Television

Stephen Colbert & Nancy Pelosi Talk Truman, Accountability & “The Here And Now”

House Speaker Nancy Pelosi is Stephen Colbert’s virtual guest on his home edition of The Late Show, but the first clip from their discussion is anything but lighthearted. Have a look below.

The clip focuses on Pelosi’s new bipartisan committee in the House of Representatives that will oversee the White House’s response to the coronavirus pandemic and how the administration handles the $2 trillion relief package that Congress passed last week.

Colbert cites the World War II-era Truman Committee, which held corporate leaders to account to thwart profiteering and is cited on the U.S. Senate’s homepage as “one of the most productive investigating committees in [the Senate’s] entire history.” It was formed by then-Sen. Harry Truman nine months before the attack on Pearl Harbor.

“Can we do something like that?” the host asked with an atypically serious face.

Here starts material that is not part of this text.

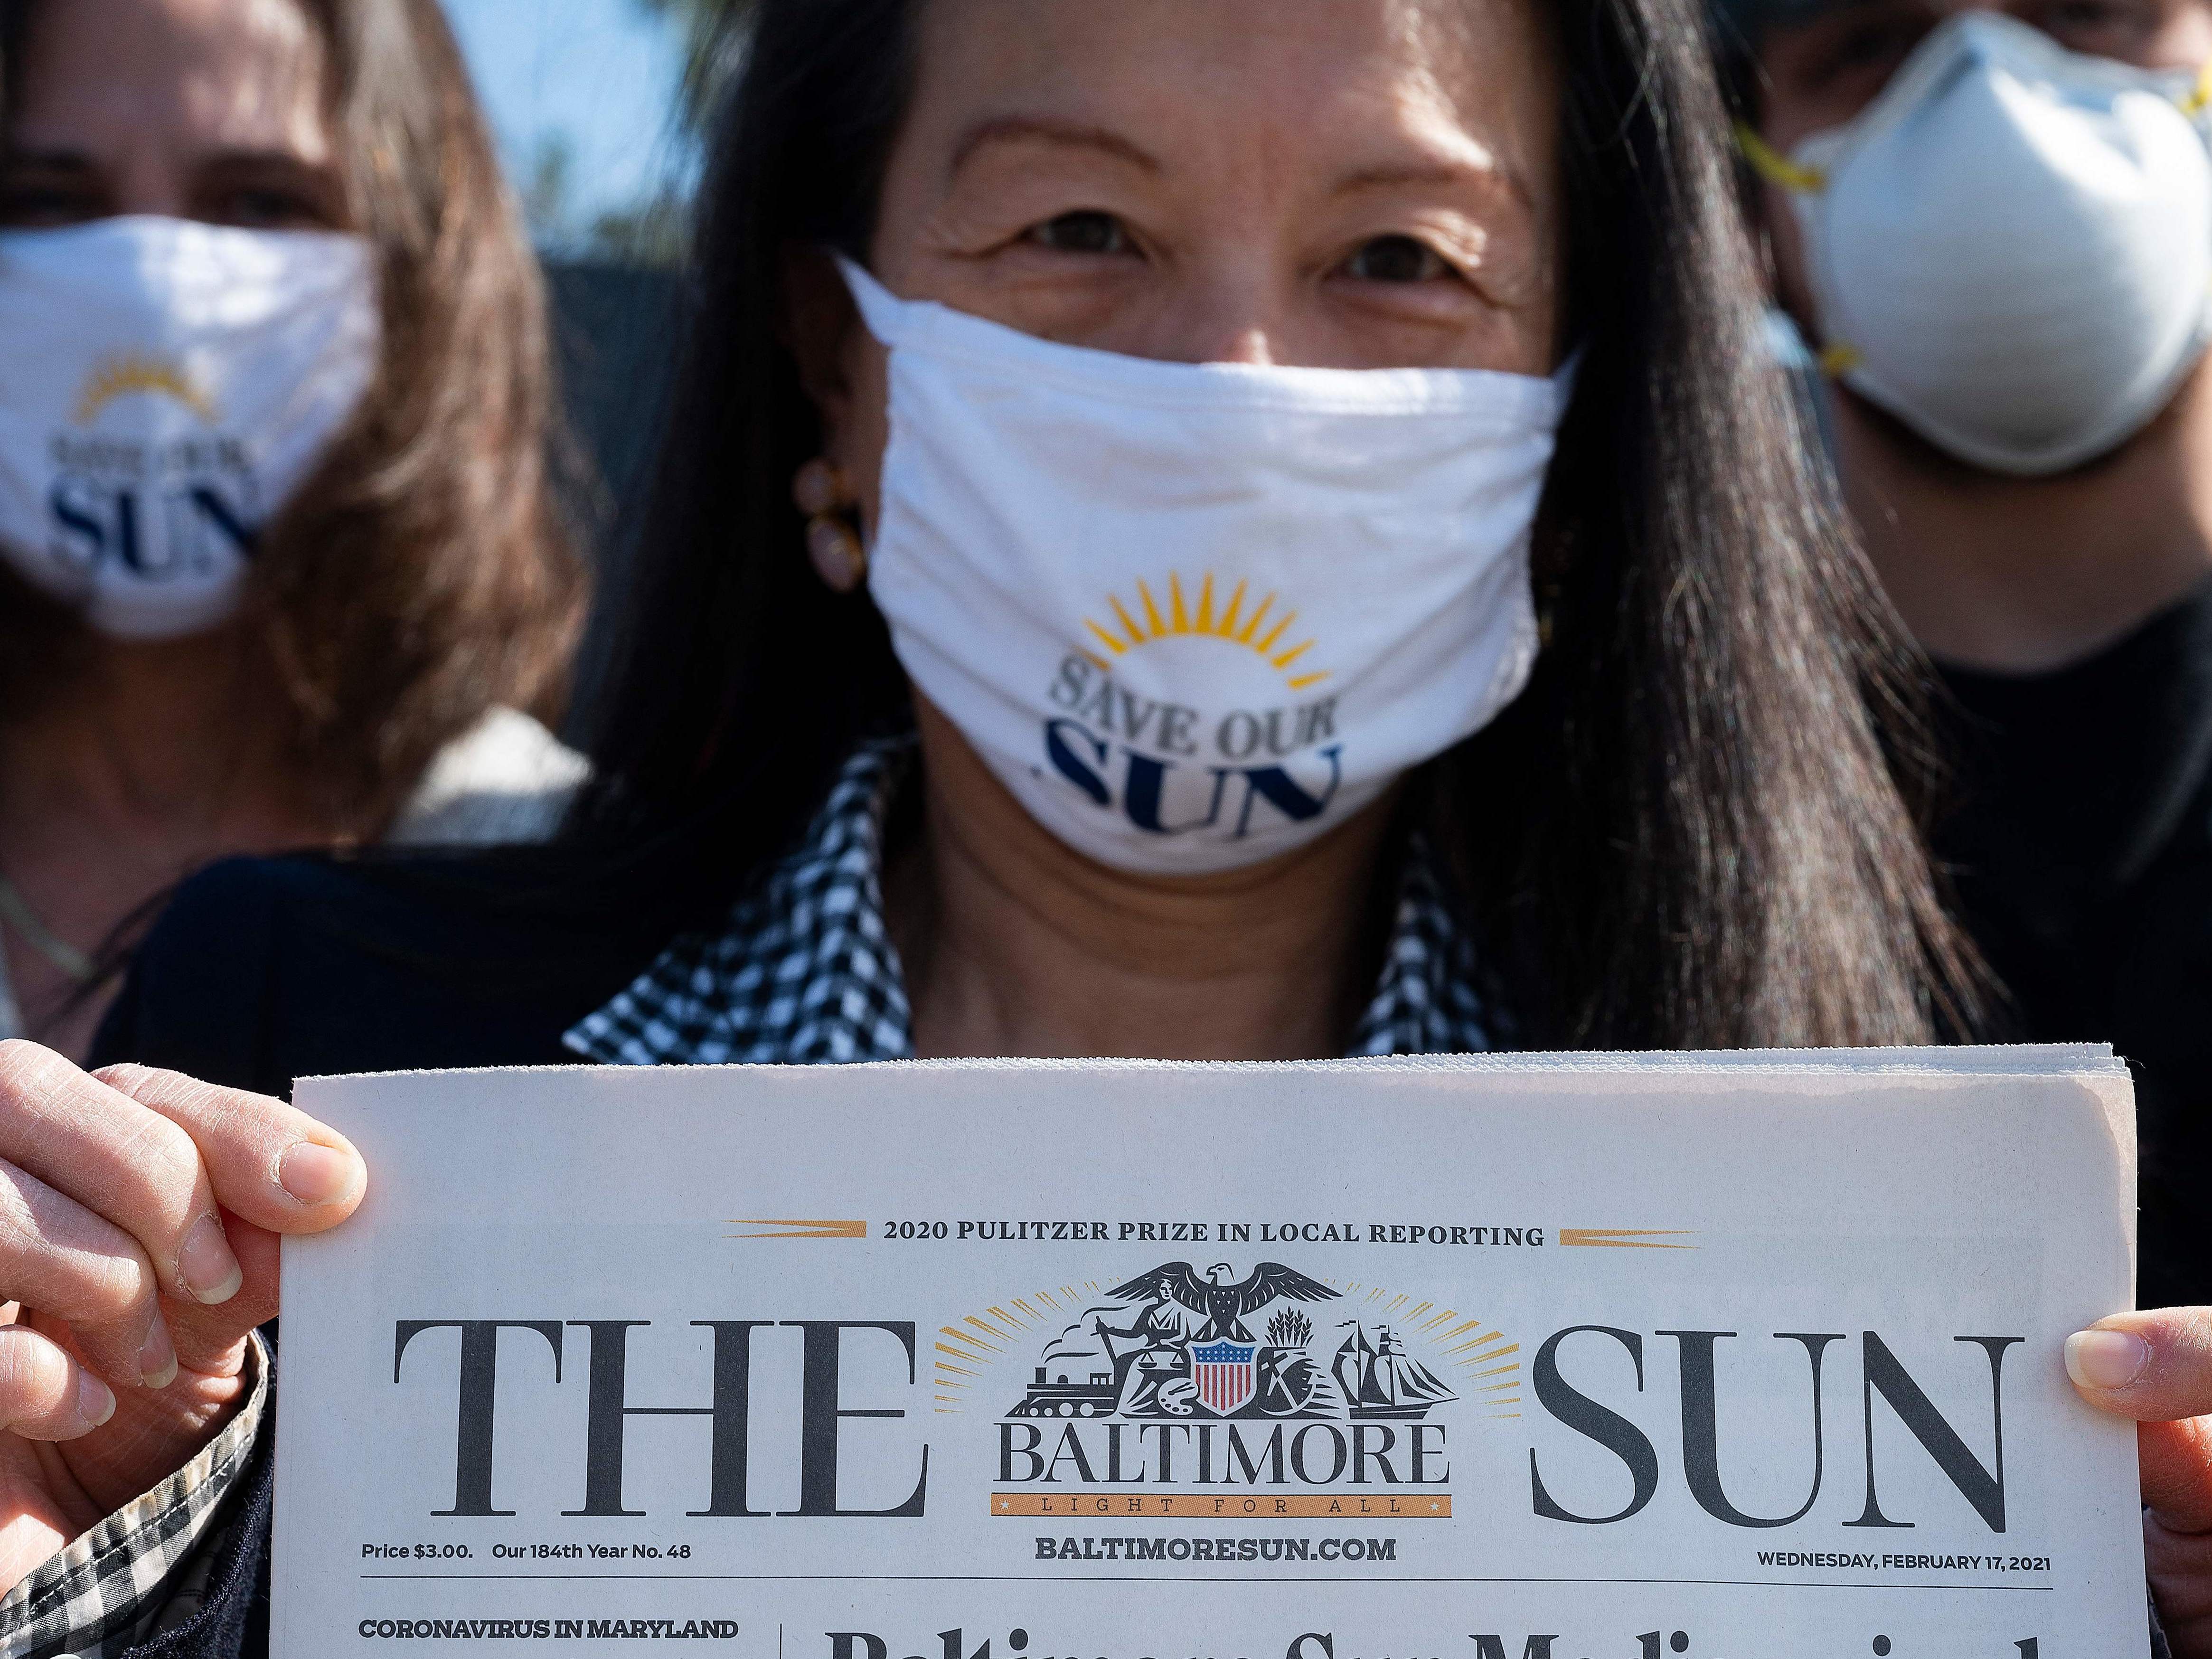 Baltimore Sun reporter Jean Marbella participated in a Save Our Sun rally in March, part of an effort to secure an alternative buyer to Alden Global CREDIT: JIM WATSON/AFP via Getty Images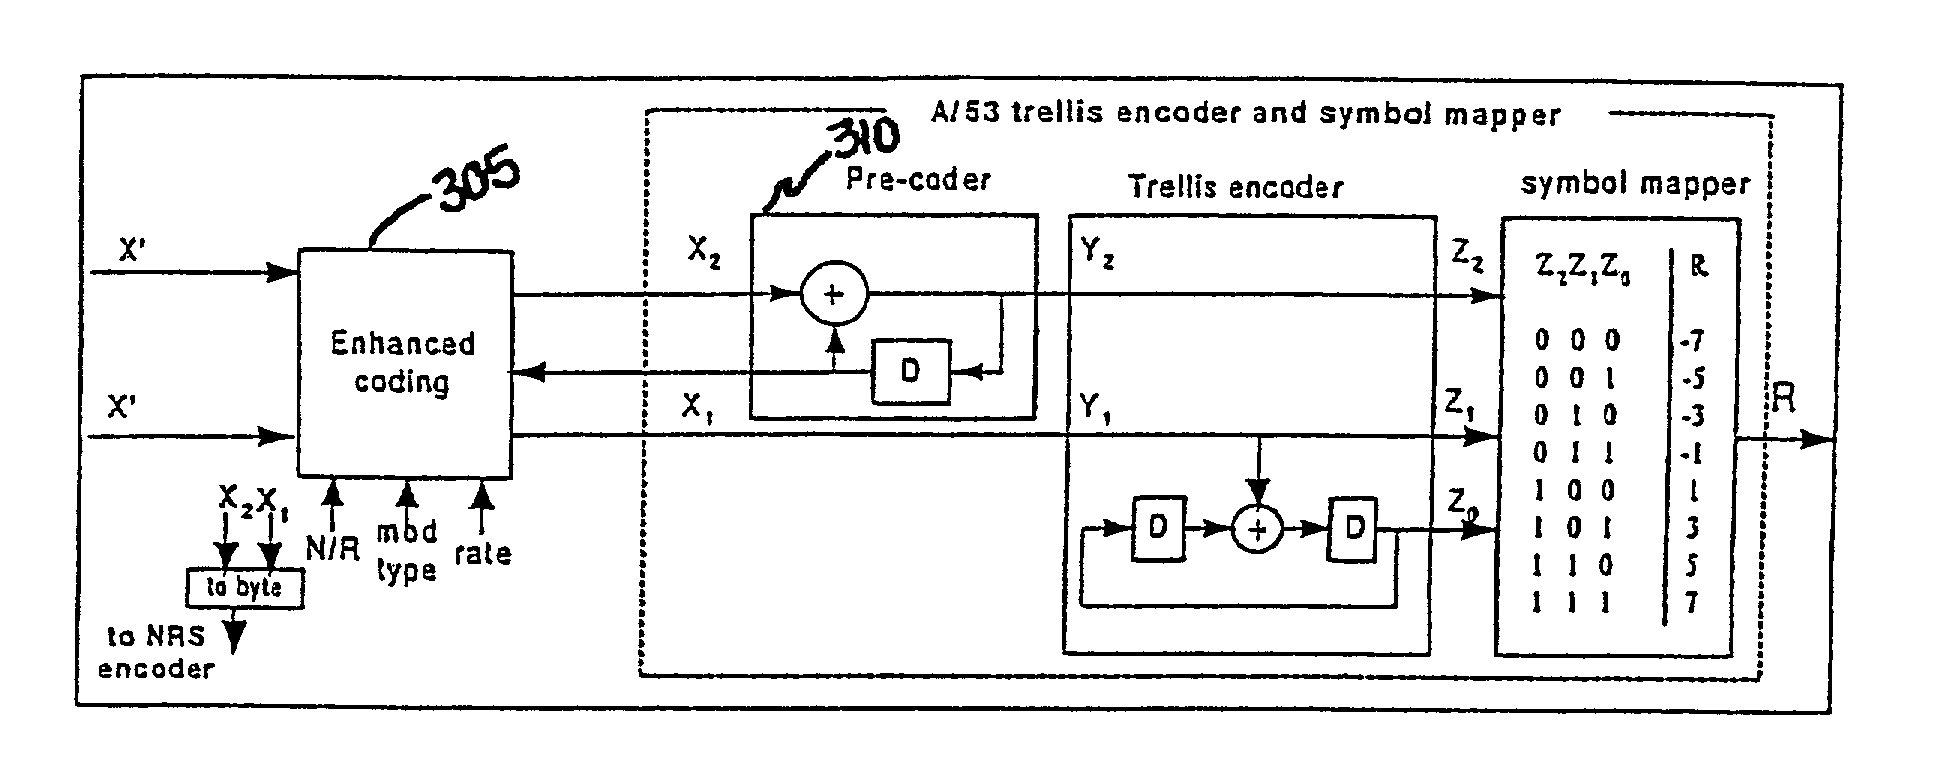 Trellis encoder with rate 1/4 and 1/2 for a backward compatible robust encoding ATSC DTV transmission system

Pelosi proceeded to give a little history lesson on that panel. “After World War I,” the veteran California Democrat said, “there were something 116 investigative committees to see how the money was spent and what went wrong or whatever. What [Truman] was saying was, ‘Rather than have 116 after the fact, I want one during the fact.’ And it was less than $1 million spent to save $15 billion — and lives, which was its purpose.”

Pelosi went on to describe the House oversight panel that was set up today amid the coronavirus crisis, using the Truman Committee as a model. “How we go forward has to have transparency and accountability,” she said, “Any profiteering and waste, fraud, abuse and all the rest, we want to be addressed in the here and now.”